Today felt different. Better. After two long weeks of discomfort and frustration, I woke up with pain that was finally tolerable. My ankle and knee are slowly finding their way back to normal, the swelling has eased, and even my stiff shoulder is beginning to loosen. Yes, there’s still sharp pain when I try to move it, but the range of motion has improved — and that alone feels like progress worth celebrating.

I find myself thankful to God for this healing. I don’t think I did much to bring it about; I only cried out to Him in my pain. Yet, He listened. Sometimes I wonder how Jesus finds the time to care for all His children. I know I can be a handful, but His love never wavers.

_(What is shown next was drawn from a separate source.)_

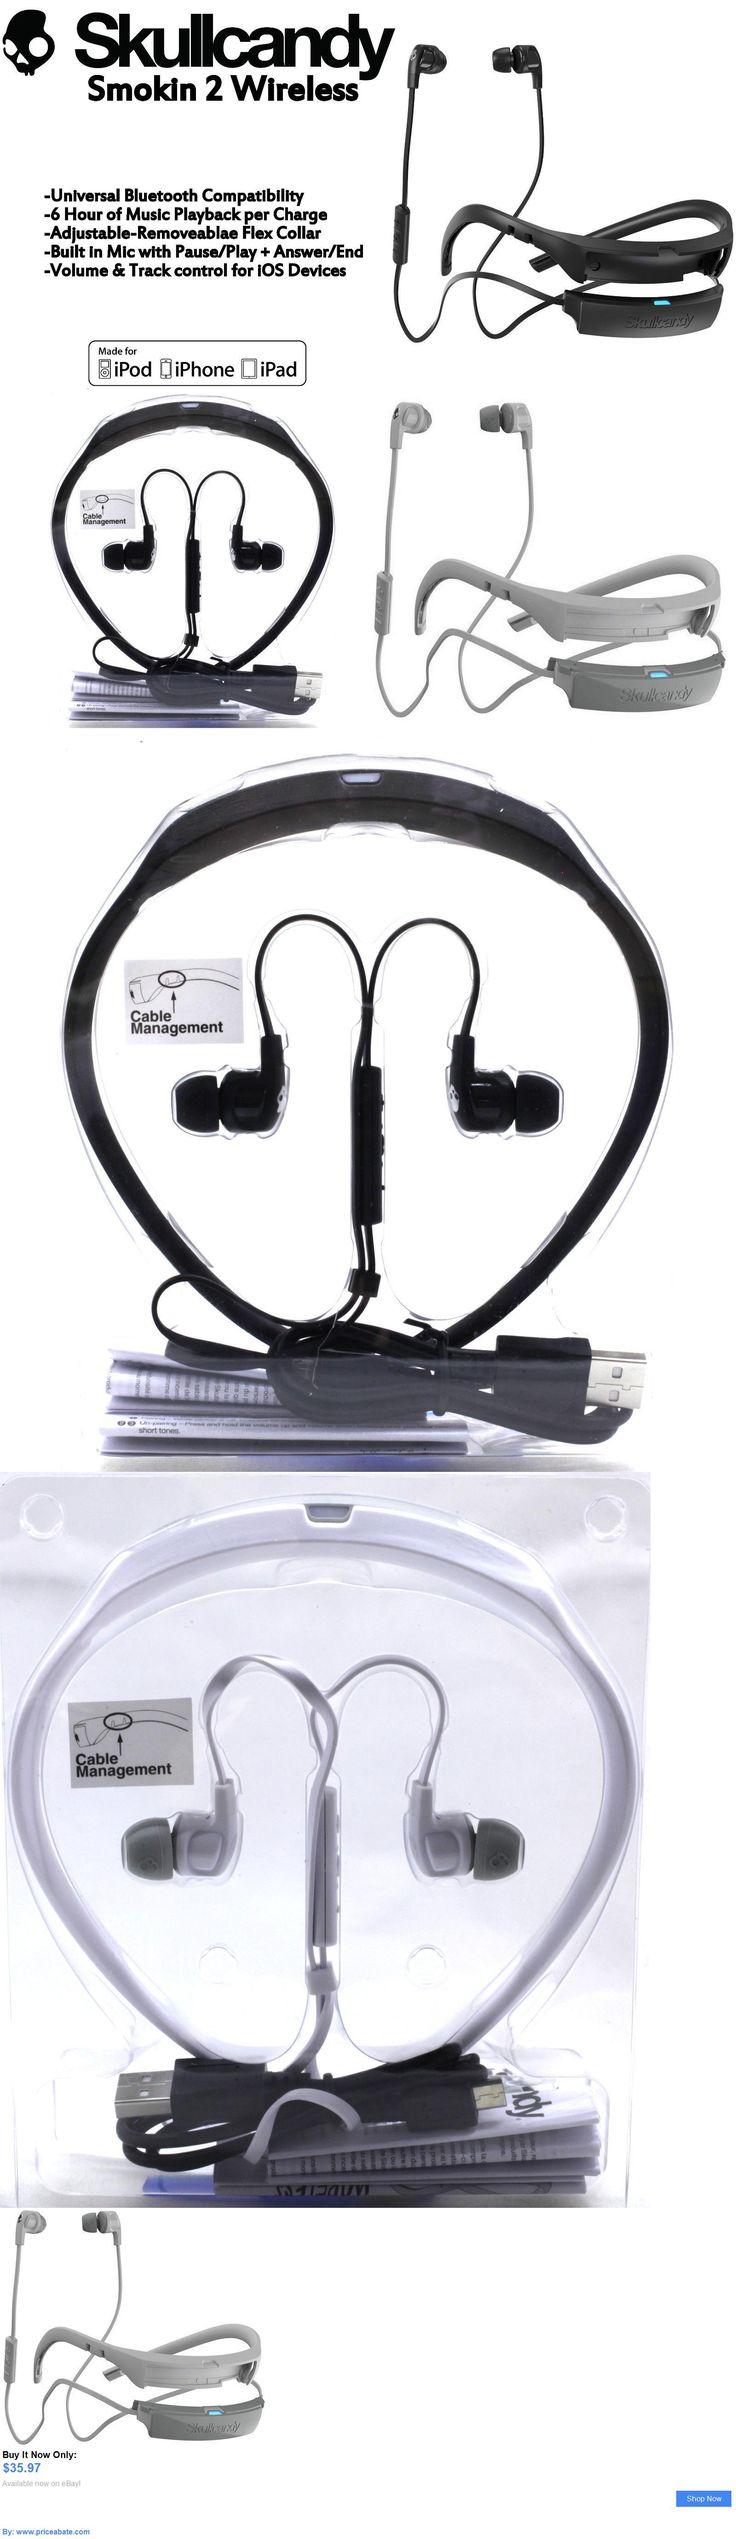 electronics: New Skullcandy Smokin Buds 2 Wireless Bluetooth Earphones With Mic Black White BUY IT NOW ONLY: $35.97 #priceabateelectronics OR #priceabate
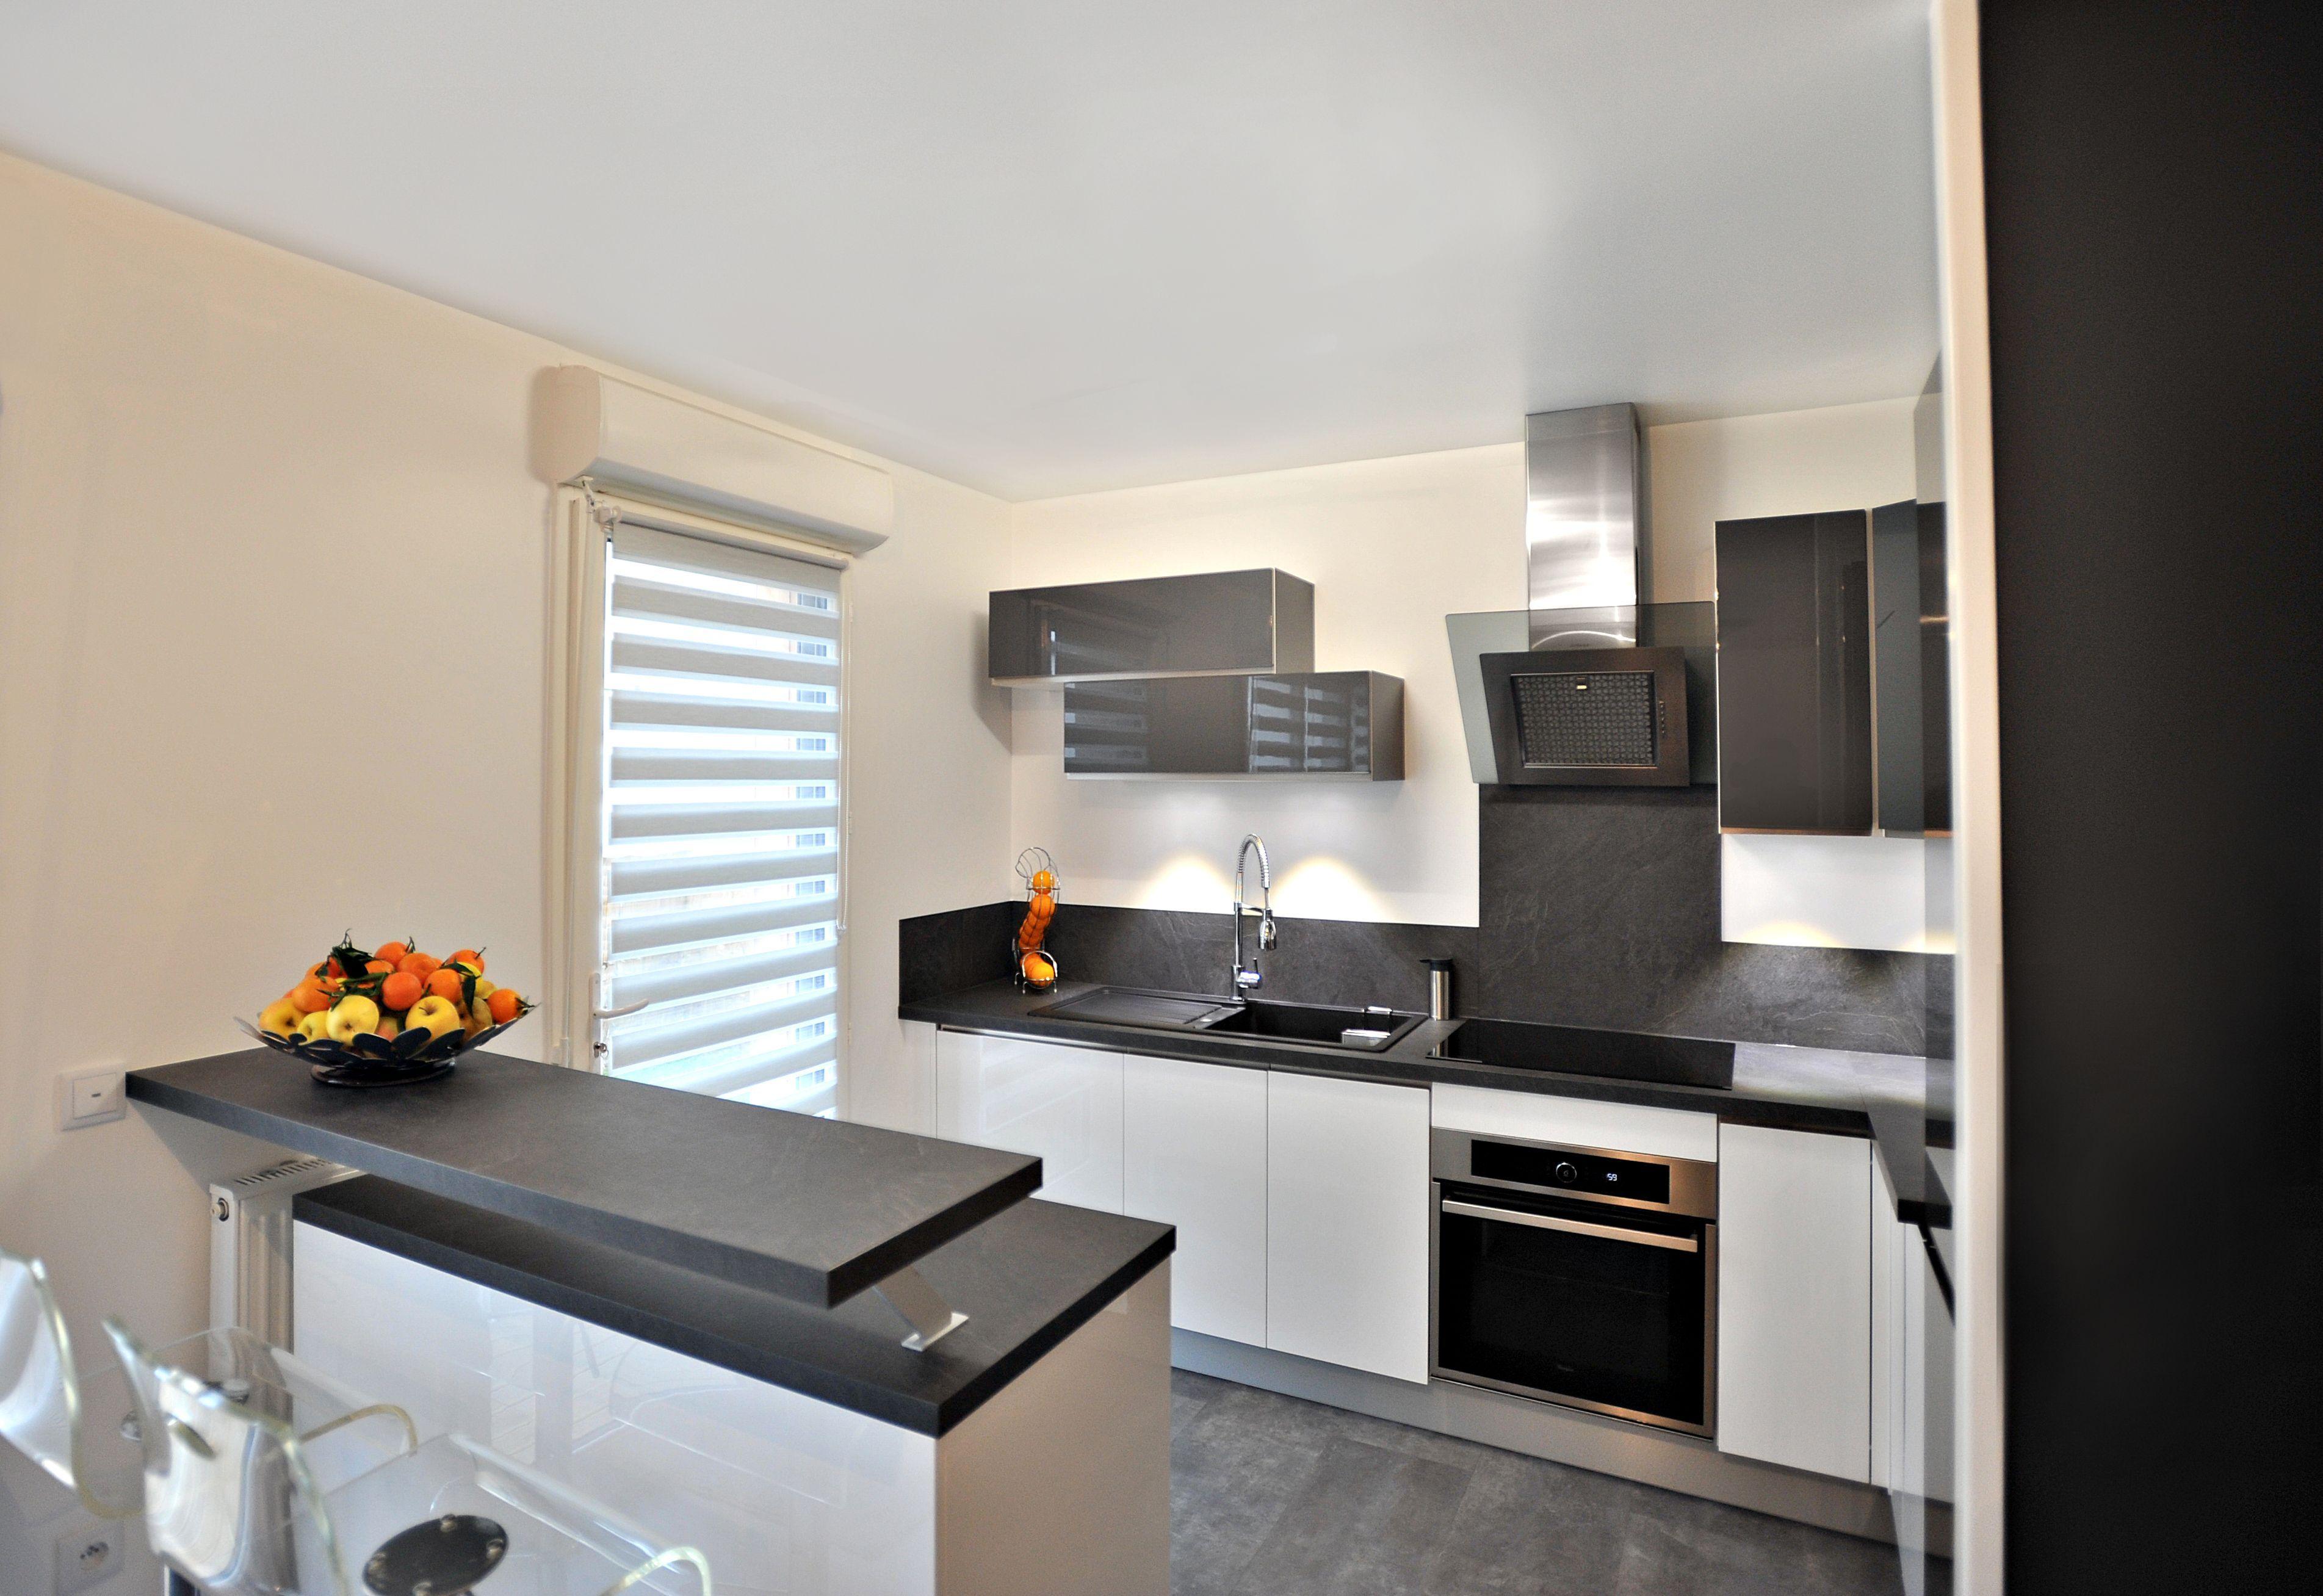 Renovation Cuisine Grise Et Blanche Laquee Plan De Travail Stratifie Gris Anthracite Plan Snack Secretsd White Modern Kitchen Kitchen Remodel Grey Kitchens

Even when I am unreasonable, He remains the one who listens. Faith needs nurturing, but His love is constant — and that is my anchor.

Today also brought another small victory: I cooked for my family. It was tiring, but I managed. Cooking has always been my quiet escape, my “me time,” where I lose myself in flavors and creativity. But as I watched my parents eat, I noticed something different. They aren’t the same as before. It feels like the weight of my struggles has spilled over into their lives, leaving them subdued, eating only to fill their hunger. I miss the joy we used to share — even amidst fights and hardships, there was laughter. Now, it feels like the poison of my pain has touched them too. More than anything, I want them to see me happy again. I want to bring light back into their lives.

This year, I’ve decided, will be a year of change. Challenges lie ahead, but I hope to face them with strength and courage. I want to emerge with a lighter soul, one that has found its purpose. Healing isn’t just about the body — it’s about the spirit, the heart, and the bonds we share. And I believe that with faith, love, and perseverance, I can get there.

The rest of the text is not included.